Spring Statement: OBR reveals the UK will be paying Brexit divorce bill until 2064
The Office for Budget Responsibility estimates the UK will be paying its Brexit divorce bill until 2064.
Published to coincide with Philip Hammond’s Spring Statement today, the OBR puts the final figure at £37.1bn – squarely in the middle of government estimates of £35bn-£39bn.
The body estimates that for the years 2019 and 2020 the UK will contribute “as if it had remained in the Union” – a total of £16.bn. From 2021-2028, the UK will pay £18.2bn as part of “reste a liquider”, in other words the EU’s unfunded future liabilities.
Between 2019 and 2064, the UK is also down to pay £2.5bn for “other net liabilities”, mostly linked to pensions.
The forecasting body estimates that the UK will be spending less than if it had remained a member from 2020/21, when we will be £3bn better off. The following year we will be paying £3.3bn less than we would have done, rising to £5.8bn in 2022/23.
The OBR stressed that a key feature of the joint agreement struck by Theresa May and Jean-Claude Juncker in December was that the UK would “not be required to incur expenditures earlier than would be the case if it had remained a member state, unless agreed by both sides”.
It also noted that these payments did not include “the indirect effects of changes in trade, migration and other policy regimes on the economy and its capacity to generate tax receipts”.
“Such effects are impossible to quantify now, since there is no meaningful basis upon which to predict the precise end-point of the negotiations that are underway,” the OBR said, echoing points made previously by Brexit secretary David Davis.
The Treasury has also revealed its breakdown of the £3bn government departmental spend allocated for the next two years to help prepare for Brexit.
The Home Office takes the largest slice, pocketing £395m as it prepares for a new immigration system.

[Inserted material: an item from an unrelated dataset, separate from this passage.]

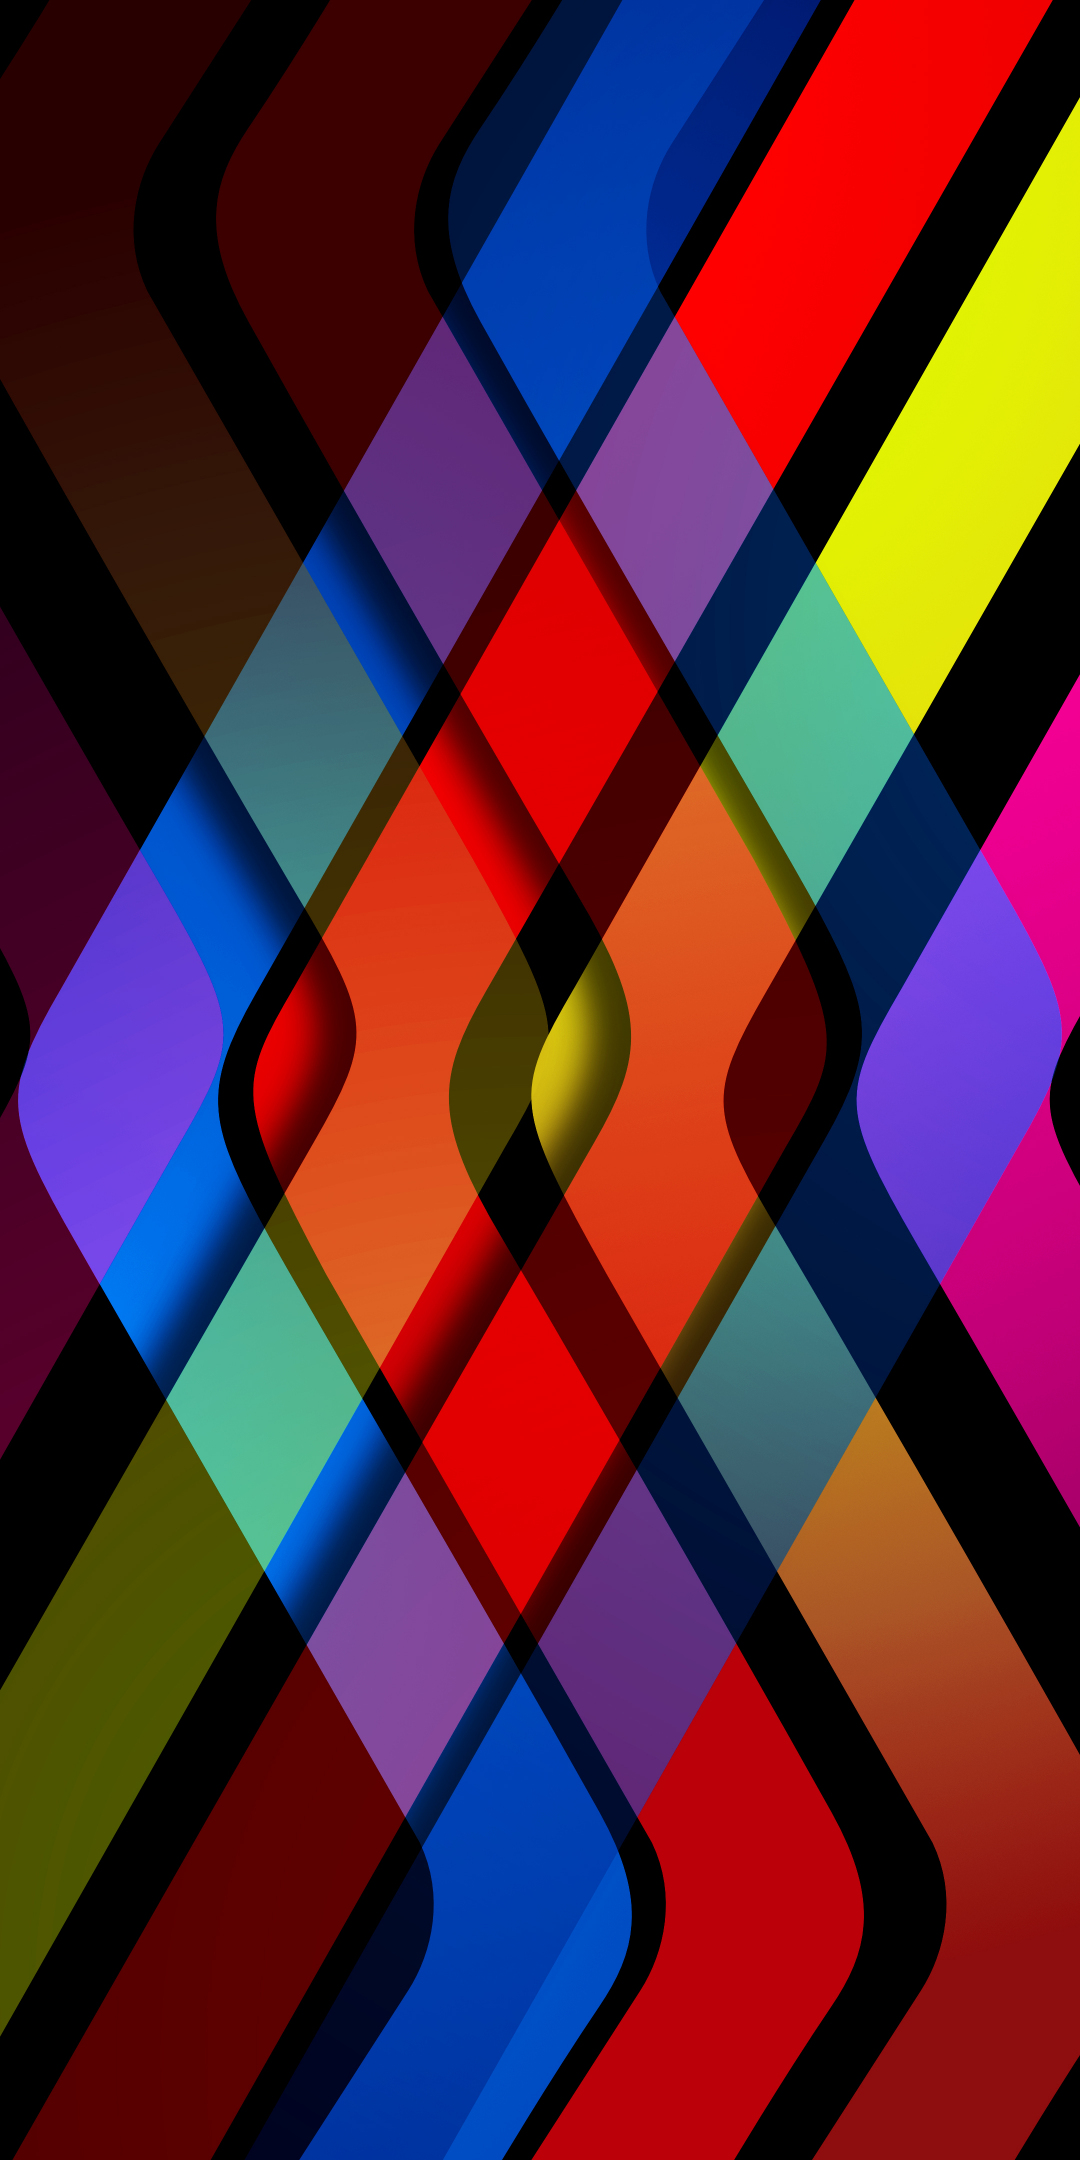 Lines-stripes intersection, abstract, colorful art, 1080x2160 wallpaper

The Department for Environment, Food and Rural Affairs (Defra), headed by Michael Gove, receives the second largest chunk of money – £310m in total. HMRC comes third, with £260m.
The figures do not include the Department for Exiting the EU (Dexeu).
After Brexit, the government has committed billions on items that used to get funding through EU membership. The OBR says that includes £3bn for farm support, £1bn for a UK Shared Prosperity Fund, replacement of official development assistance funds, worth about £1bn, £2bn on science and education and around €40m on regulatory agencies.